Last week, the Department of Health and Human Services (HHS) published two proposed rules: “Modernizing and Clarifying the Physician Self-Referral Regulations” and “Revisions to the Safe Harbors Under the Anti-Kickback Statute and Civil Monetary Penalty Rules Regarding Beneficiary Inducements.” This piece provides a recap of the main points and motivations in each rule.
Who: The Centers for Medicare and Medicaid Services (CMS) released a proposed rule related to the Physician Self-Referral Law (the “Stark Law”): “Modernizing and Clarifying the Physician Self-Referral Regulations.” Acknowledging that incentives are different in a health care system that pays for value, rather than the volume of services provided, the rule creates value-based exceptions.
The Office of Inspector General (OIG) released a proposed rule related to the Federal Anti-Kickback Statute and the Civil Monetary Penalties Law: “Revisions to the Safe Harbors Under the Anti-Kickback Statute and Civil Monetary Penalty Rules Regarding Beneficiary Inducements.” The rule makes it easier for health care providers to coordinate care for patients by offering safe harbors for value-based arrangements.
When: The rules were published on October 9, 2019. The comment window extends through December 31, 2019. According to Health Affairs, finalization of the changes should come sometime in the middle of 2020.
What: “Modernizing and Clarifying the Physician Self-Referral Regulations” Proposed Rule
The Stark Law prohibits physicians from referring patients to entities that they or immediate family members have a financial relationship with.
In the proposed rule about the law, CMS:
- proposes definitional changes to clarify which activities and entities qualify for new exceptions from Stark Law restrictions, such as “value-based arrangement”;
- outlines a series of exceptions from Stark Law prohibitions for five-value based payment models: full financial risk, value-based arrangements with meaningful downside financial risk, value-based arrangements, indirect compensation arrangements, and price transparency;
- clarifies requirements for qualifying for an exception to the Stark Law;
- clarifies the “volume or value standard” regarding physician group practices;
- recalibrates the scope and application of the regulations by revising certain requirements in its regulatory exceptions that the agency sees as unnecessary or duplicative, deleting its rules on the “period of disallowance” of payment, creating a grace period for the signature requirement for qualifying payment arrangements and expanding the exception for donation of interoperable electronic health records (EHR) software; and,
- establishes a new exception to allow limited remuneration from an entity to a physician.

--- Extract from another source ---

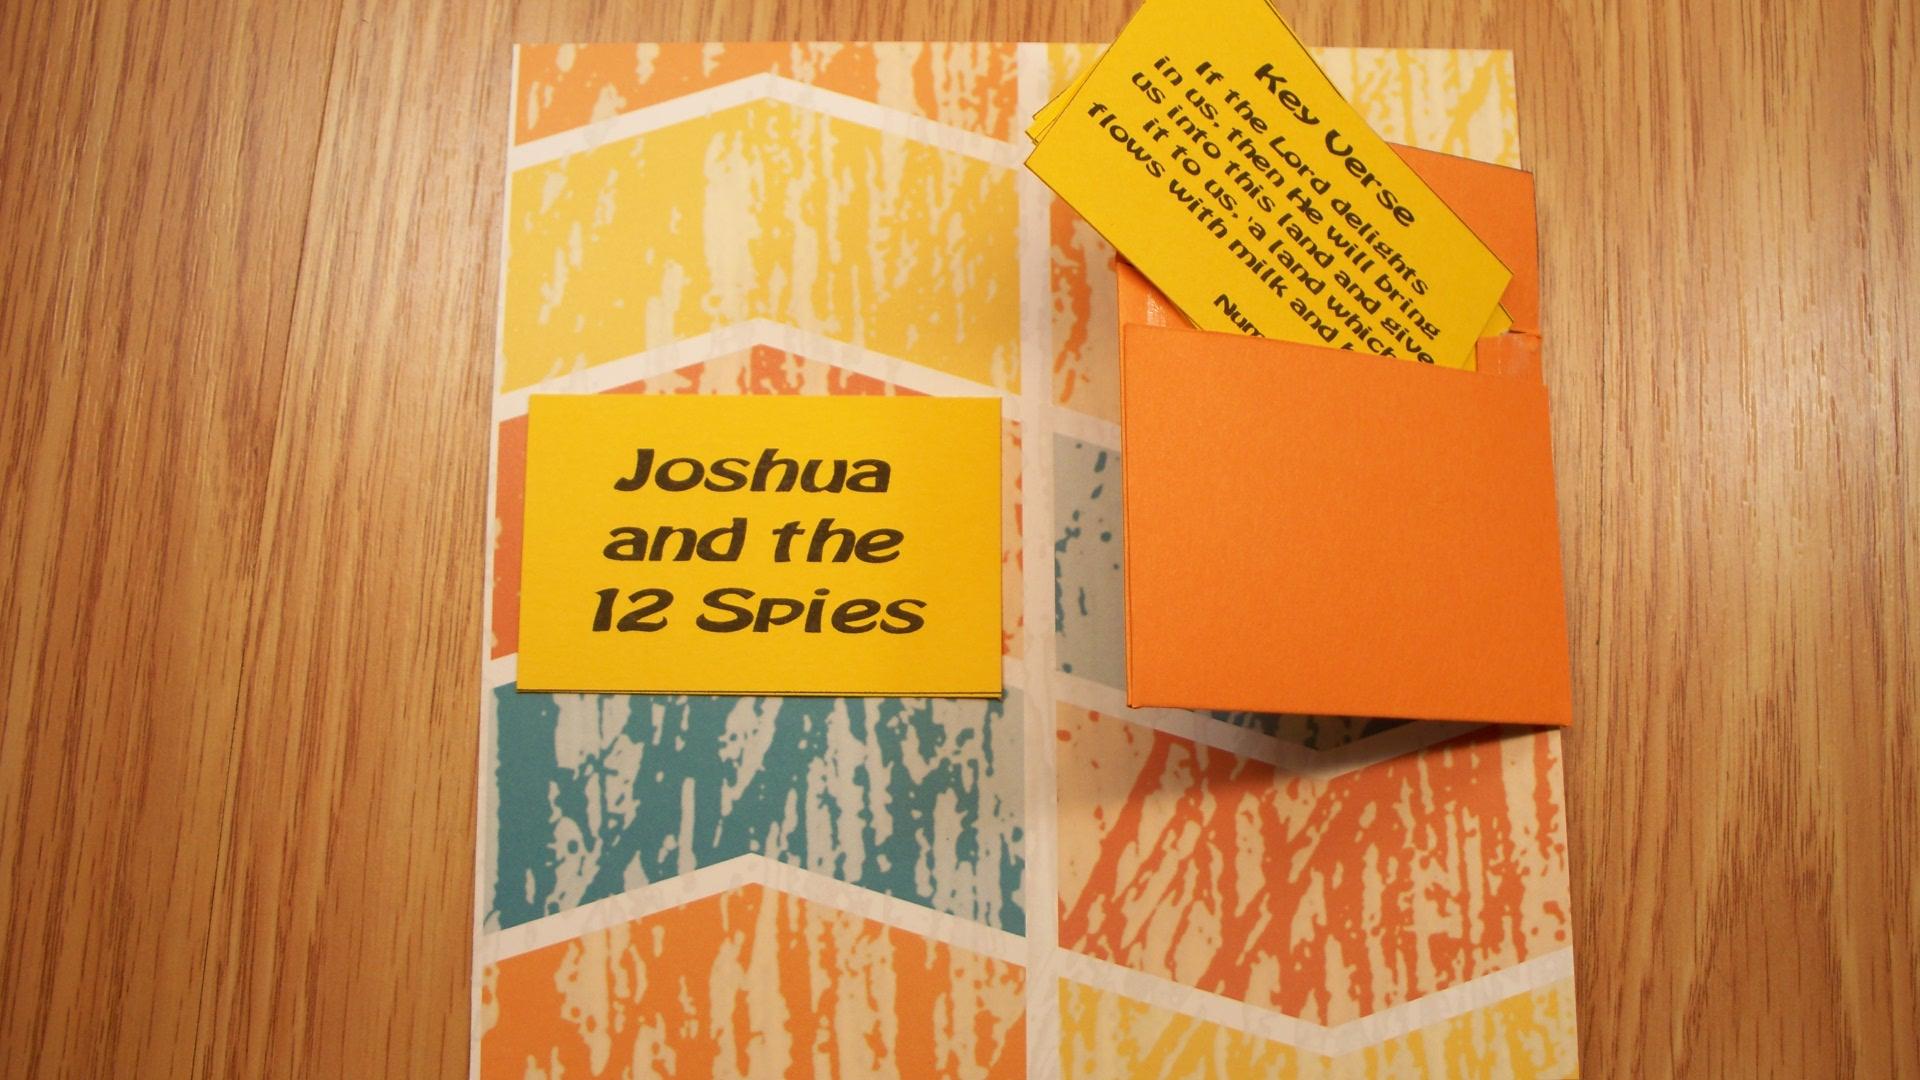 Joshua Bible Story / Joshua And The 12 Spies

“Revisions to the Safe Harbors Under the Anti-Kickback Statute and Civil Monetary Penalty Rules Regarding Beneficiary Inducements” Proposed Rule
The Federal Anti-Kickback Statute makes it illegal for physicians and other providers to accept bribes or other renumeration in exchange for generating business through Medicare, Medicaid or other federal health programs.

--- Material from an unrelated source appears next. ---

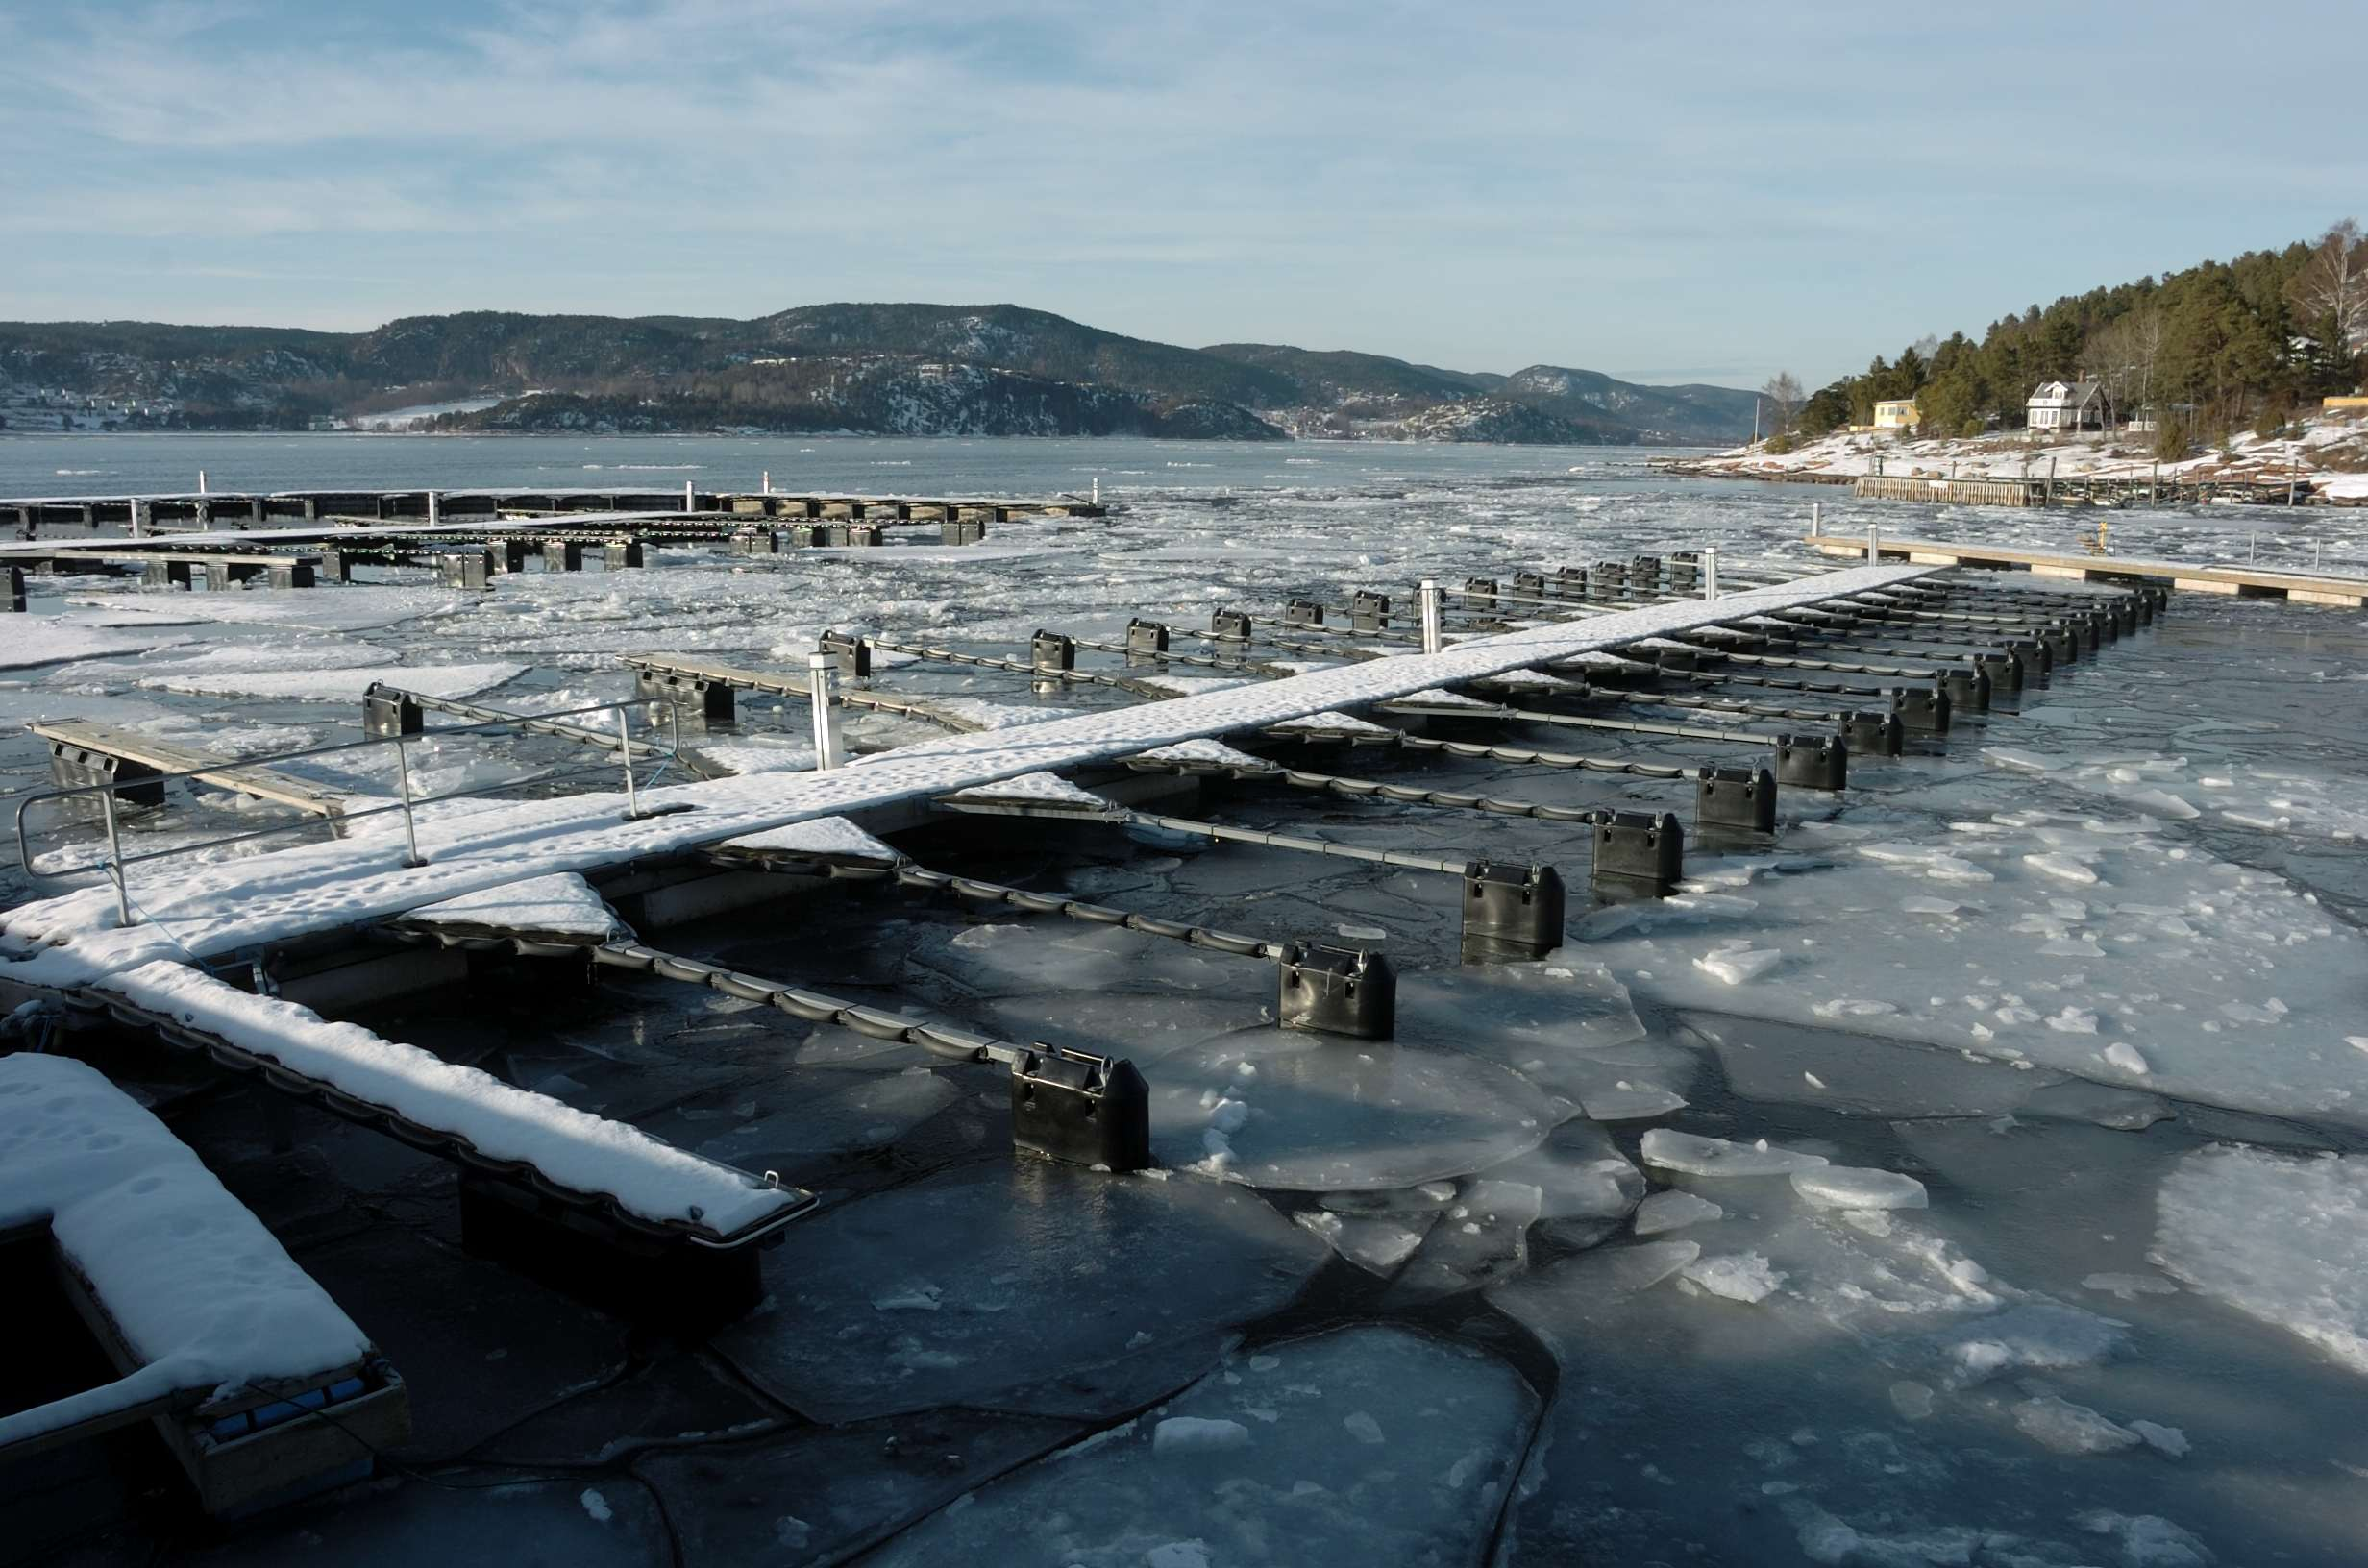 Rdtangen marina vinter 03 - LAV

OIG’s rule proposes several new safe harbors in the statute and modifies others. The rule:
- creates three new safe harbors for certain remuneration exchanged among participants in delineated value-based arrangements that mirror the changes CMS initiated in its proposed rule;
- creates a new safe harbor for certain tools and supports furnished under patient engagement and support arrangements to improve quality, health outcomes and efficiency;
- creates a new safe harbor permitting remunerations between and among parties under certain CMS-sponsored models;
- creates a new safe harbor to effectively respond to cyberattacks; and,
- modifies an existing EHR safe harbor by eliminating a sunset provision.
Why: The rules are part of HHS’s Regulatory Sprint to Coordinated Care, which seeks to promote value-based care by examining federal regulations that impede efforts among providers to coordinate care for patients.
HHS believes the way the Stark Law, the Federal Anti-Kickback Statute and the Civil Monetary Penalties Law are currently formulated could cause them to potentially impede value-based purchasing arrangements for providers and suppliers participating in federal health care programs. Therefore, the rules are meant to provide greater certainty for health care providers participating in value-based arrangements and providing coordinated care for patients.
“These proposed rules would be a historic reform of how health care is regulated in America,” said HHS Deputy Secretary Eric Hargan. “They are part of a much broader effort to update, reform, and cut back our regulations to allow innovation toward a more affordable, higher quality, value-based health care system, while maintaining the important protections patients need.”